We detect list poison....
> diff --git a/mm/slab.h b/mm/slab.h
> index 6c6fe6d630ce..7681e71d9a13 100644
> --- a/mm/slab.h
> +++ b/mm/slab.h
> @@ -73,6 +73,10 @@ struct slab {
> struct {
> unsigned inuse:16;
> unsigned objects:15;
> + /*
> + * Reuse frozen bit for slab with debug enabled:
"If slab debugging is enabled then the frozen bit can bereused to
indicate that the slab was corrupted"
> index 5b832512044e..b9265e9f11aa 100644
> --- a/mm/slub.c
> +++ b/mm/slub.c
> @@ -1423,6 +1423,11 @@ static int check_slab(struct kmem_cache *s, struct slab *slab)
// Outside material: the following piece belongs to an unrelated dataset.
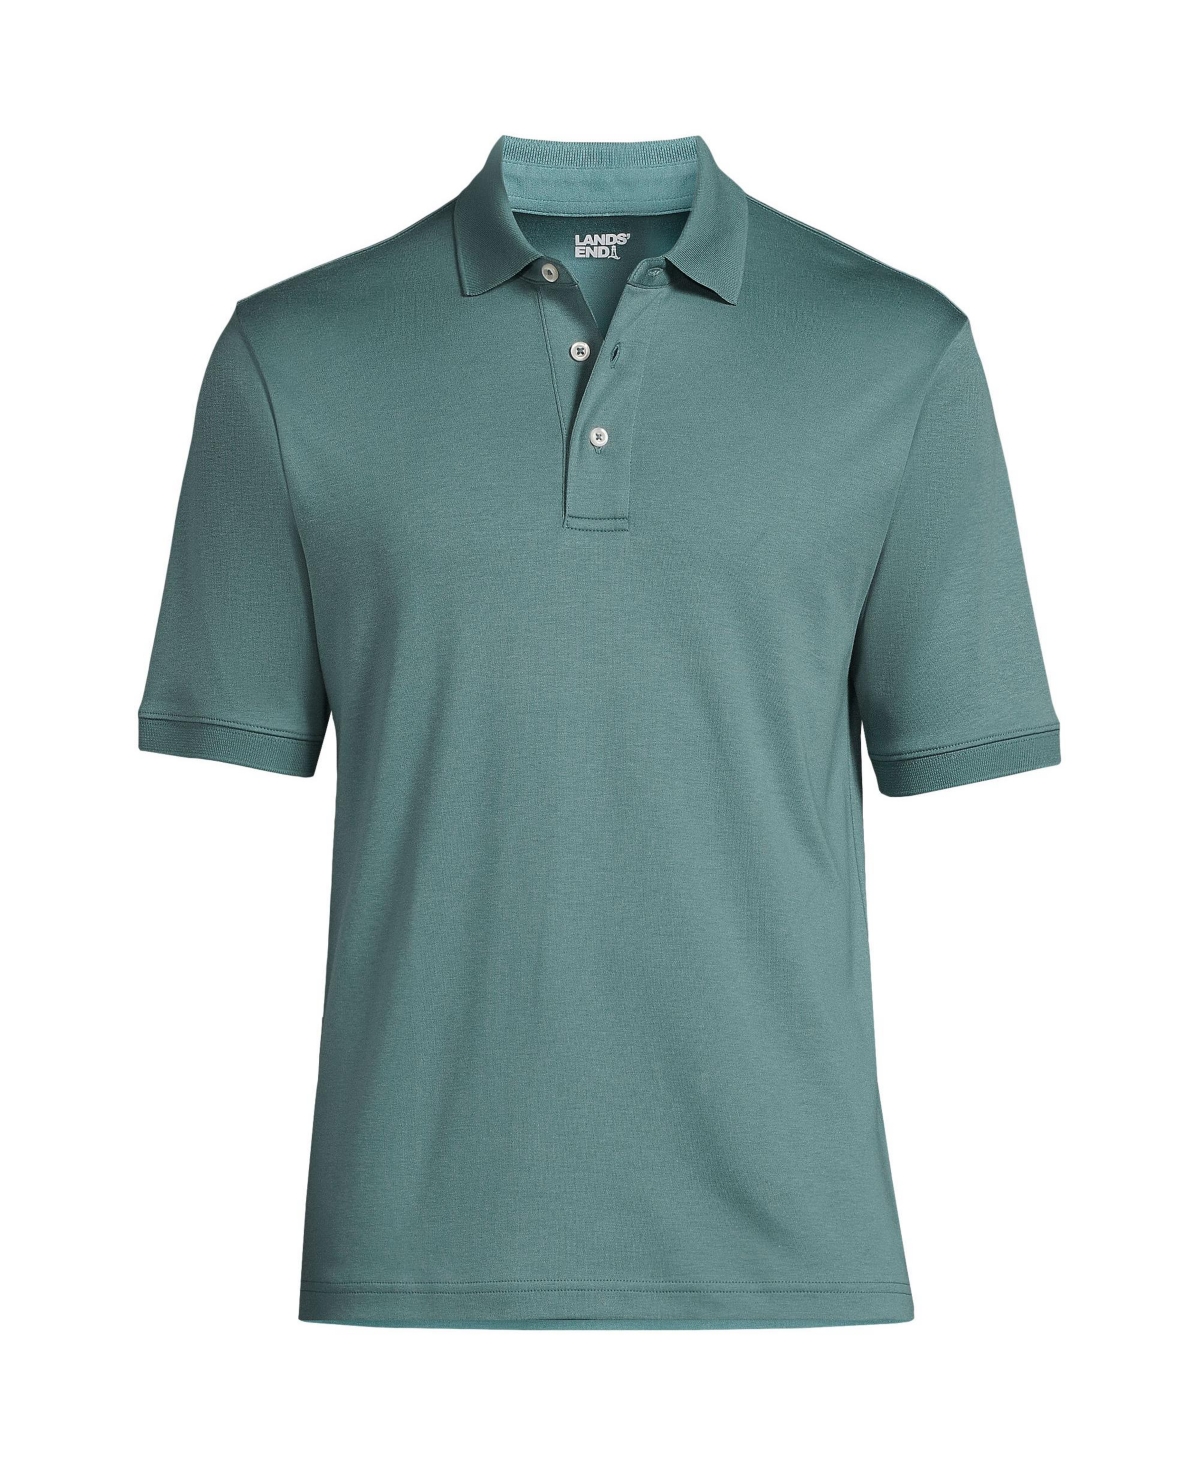 Men's Short Sleeve Cotton Supima Polo Shirt - Tourmaline
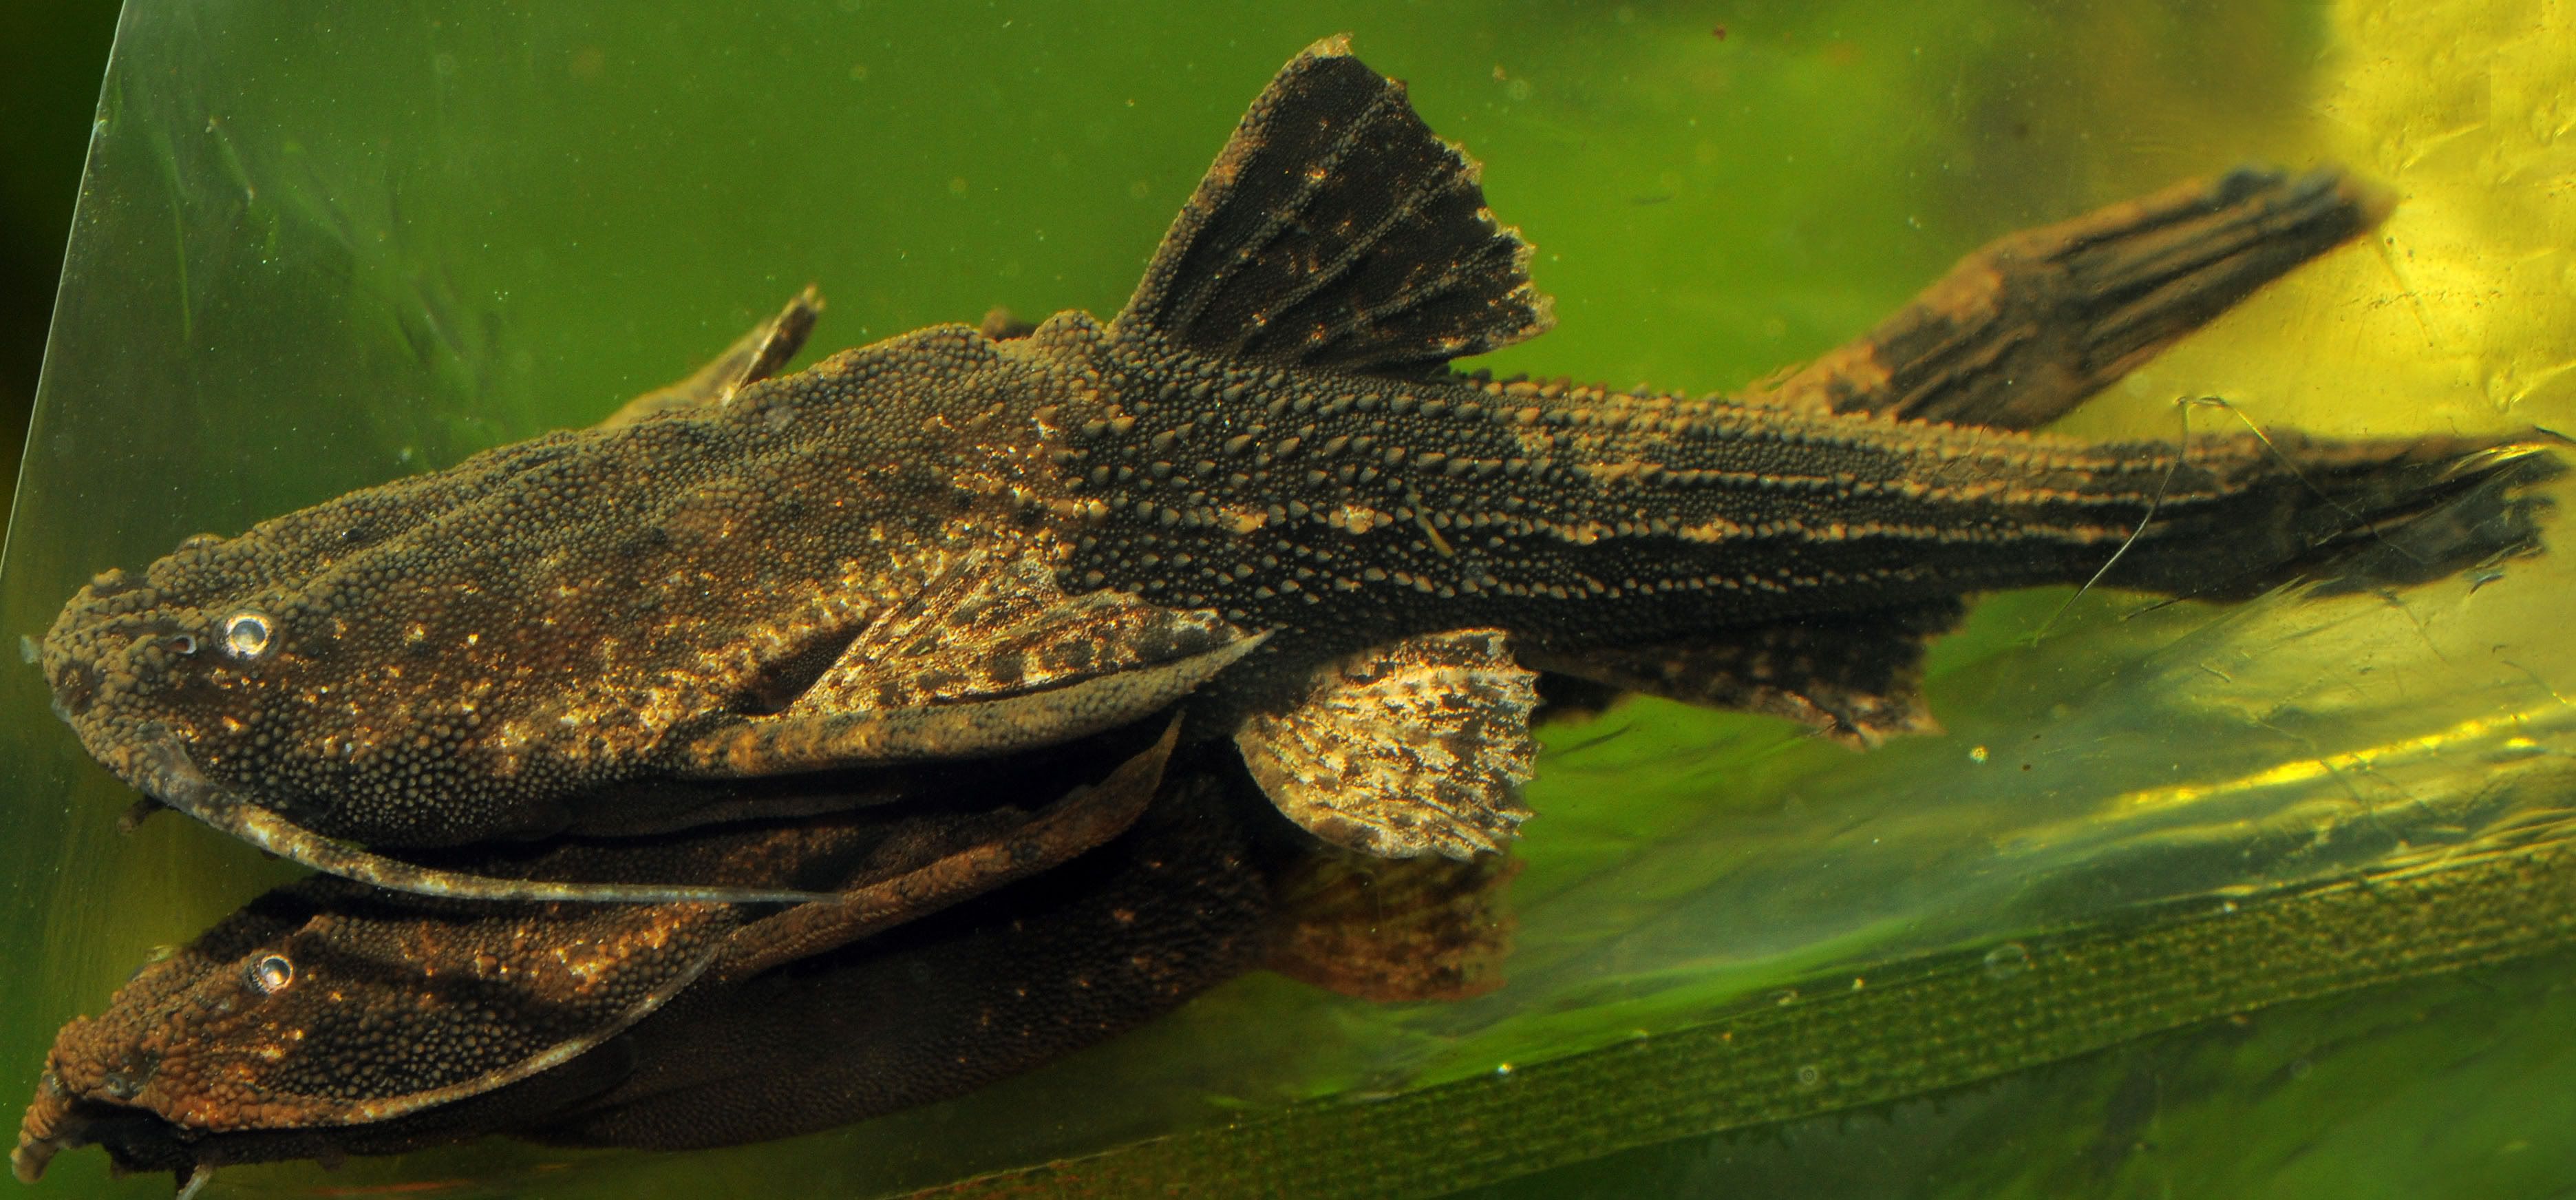 Bunocephalus coracoideus - Banjo Catfish | Future Pets | Pinterest ...

> slab->inuse, slab->objects);
> return 0;
> }
> + if (slab->frozen) {
> + slab_err(s, slab, "Corrupted slab");
"Slab folio disabled due to metadata corruption" ?
> @@ -2744,7 +2750,10 @@ static void *alloc_single_from_partial(struct kmem_cache *s,
> slab->inuse++;
>
> if (!alloc_debug_processing(s, slab, object, orig_size)) {
> - remove_partial(n, slab);
> + if (folio_test_slab(slab_folio(slab))) {
Does folio_test_slab test for the frozen bit??
On 24/10/11 11:07AM, Christoph Lameter (Ampere) wrote:
> On Fri, 11 Oct 2024, yuan.gao wrote:
>
> > When an object belonging to the slab got freed later, the remove_full()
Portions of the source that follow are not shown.